Dionisios Pappas

Eleni Tranouli-Art historian/curator

Eleni Tranouli - Saint of Athens

Since white is the color that reflects the most rays of light,and thus is most easily perceived, a beautiful body will be all the more beautiful the whiter it is.

Johann Joachim Winckelmann

The seminal book History of the Art of Antiquity (1764) by Johann Joachim Winckelmann, marked a radical shift in the Western world’s perception on ancient Greek art. Its glorification of Classical antiquity sparked off Neoclassicism and irrevocably redefined our conception of our past. Disregarding the fact that ancient Greek and Roman sculptures were originally painted with bright colors, Winckelmann argued that white marble represents the unblemished beauty and absolute truth, influencing a great number of thinkers. From his book, a very controversial phrase is often requoted: “Since white is the color that reflects the most rays of light, and thus is most easily perceived, a beautiful body will be all the more beautiful the whiter it is”.

Dionisios Pappas, with a background in archaeology, often draws images and symbols of classical sculptures in order to challenge modern preconceptions about identity, single principles and centralized ideals that are deeply rooted in our understanding of Ηistory and, by consequence, our view of ourselves and others. Intentionally using paper in his work, he makes a case for a fragile and shattered view of the material body and the self. Familiar images of a glorious past become the ephemeral, dark ruins of today. Pappas’ sculpture Venus (2017) is made from multiple pictures of the face of the Greek Goddess. He decisively opens holes in the face, disturbing its beauty and allowing the viewer to look through and beyond the multi-layered image. As if an image must be pierced in order to reveal a deeper meaning.

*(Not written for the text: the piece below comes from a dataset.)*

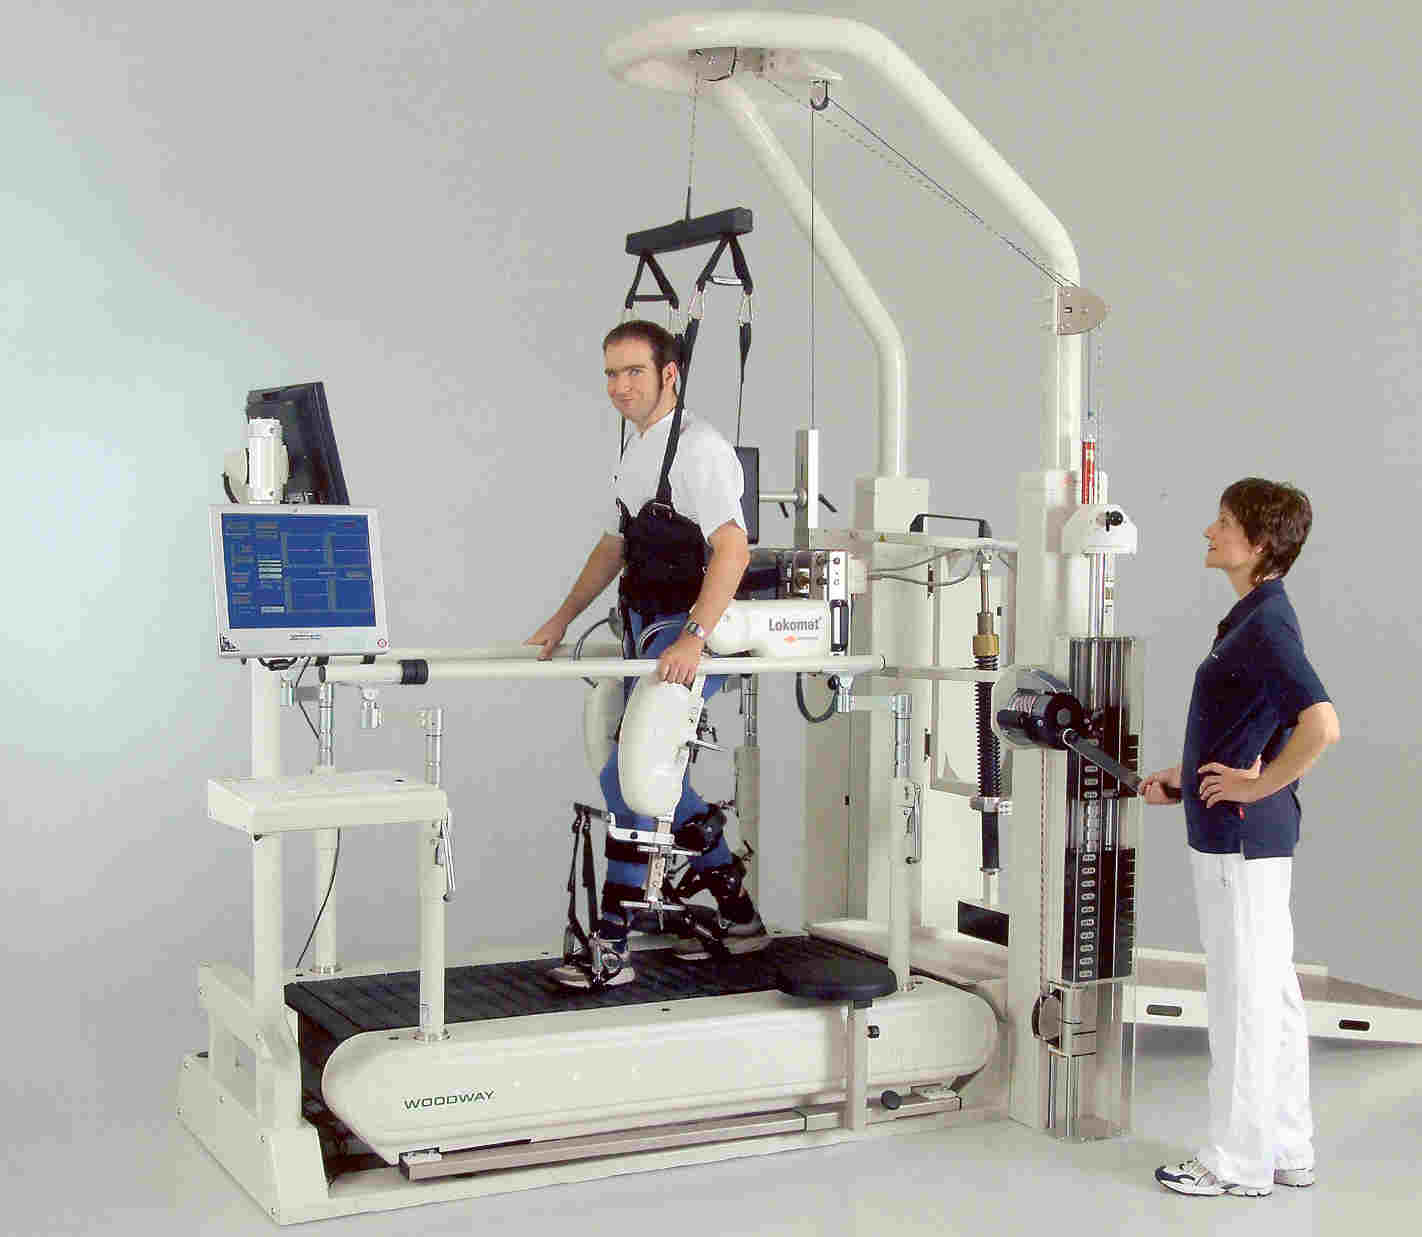 terapia rehabilitacion:
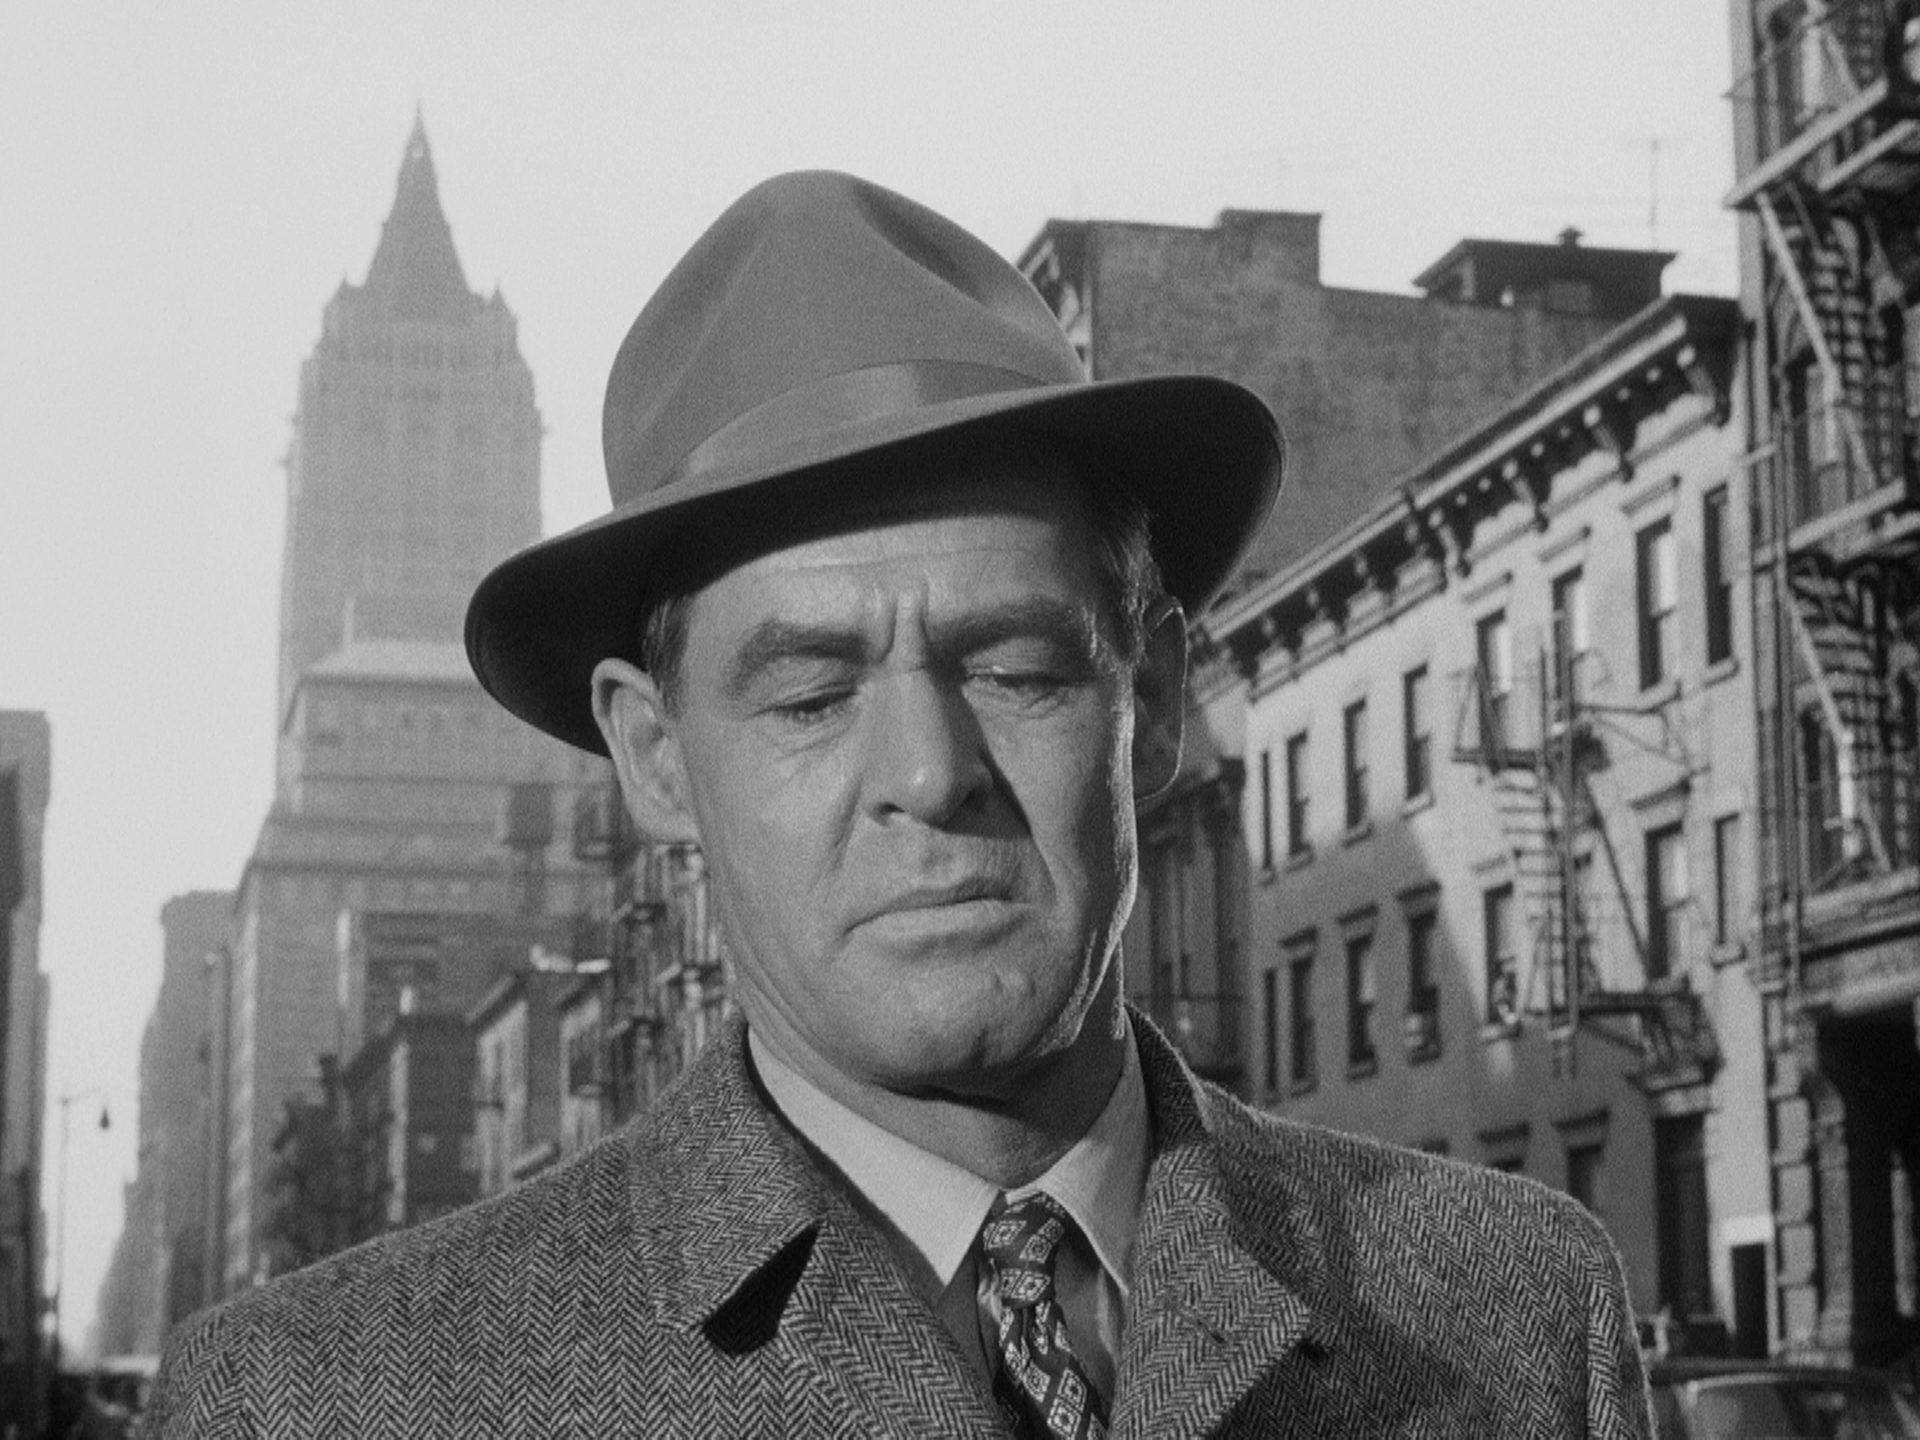 Szene aus 'Wenig Chancen für morgen(1959)', Copyright: HarBel Productions

In his series Dolls (2017), the artist moves away from archaeological references to use dissected vintage children’s dolls as his canvas. In search of a new skin, he overlays them with photocopies of himself to cover the plastic flesh. Through these inky effigies, a new, intimate identity is restored. Another tender artwork linked to childhood is Portrait I (2015), inspired by a photo of the artist’s mother. The image of the face is shaped through multiple layers of the same folded photo, giving the impression of a vibrating liquid surface when a pebble drops in water. In Head A / Head B (2018), the artist creates disproportioned replicas of his head that look like a nightmarish snapshot of himself, as perceived by others. An idea that penetrates his large-scale pencil drawings Head I / Head II (2017), immersed in darkness. Their features are blurred, and they look back at us like a transmuted image of ourselves.

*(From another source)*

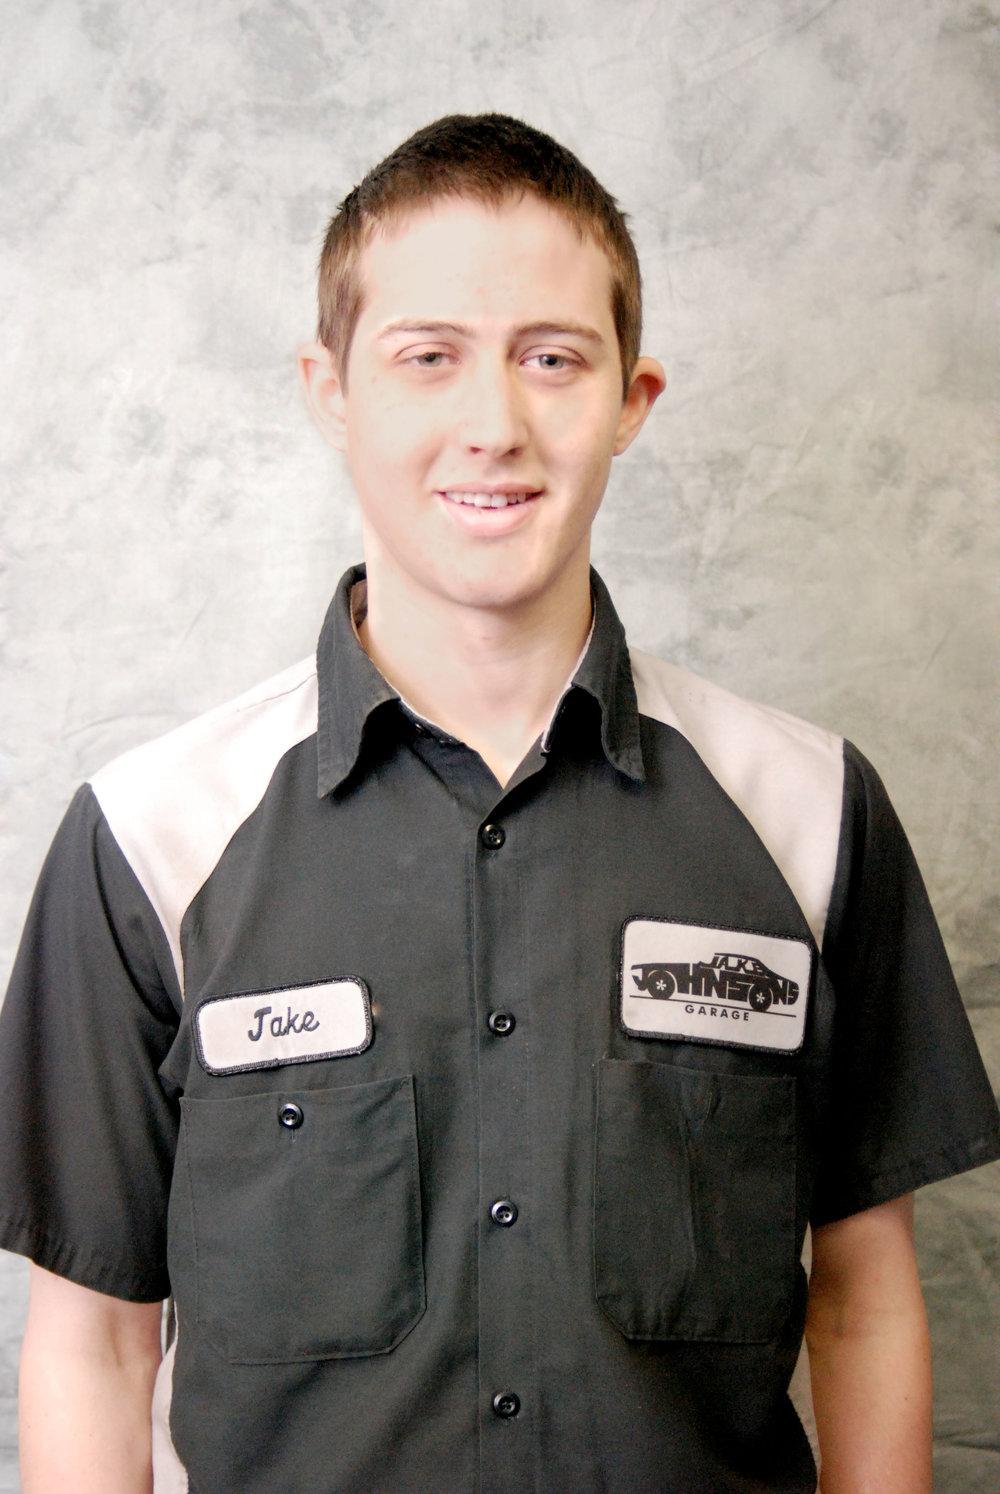 Jake Johnson - Operations Manager

In the 18th century, Winckelmann used a causal explanation to prove the superior aesthetic purity of a material over another (and of a civilisation over another) based on its property to reflect “the most” rays of light. Today, Dionisios Pappas, a modern offspring of the “white marble ideal”, caught between an idealised past and a globalised present in decay, tries to subvert any absolute or dominant belief. Instead, he suggests a prismatic perspective of the world and a decentered, diversified view of things and of oneself. Truly, what the world needs is more rays of light. More and more.

Eleni Tranouli

bio

Dionisios Pappas (1974) was born in Athens and, throughout his school years, he frequented the Art Studio of Dimitris Mytaras in Chalkida. It is where he first developed a flair for art. Years later, his long studies in archaeology and Byzantine archaeology will find their way into his work as an artist. His works with paper because “paper, part of our everyday life, is the canvas of the first children’s drawings; due to its vulnerability, the fragility is interwoven with the temporary”. For Pappas, ugliness is seen in people’s aggression which he has experienced himself. He is a savvy collector of kitsch lighters that he used when he was a smoker. A childhood memory he recalls is the smell of a sandlot friend. Many years later, when he ran into the same smell again, he immediately remembered the original.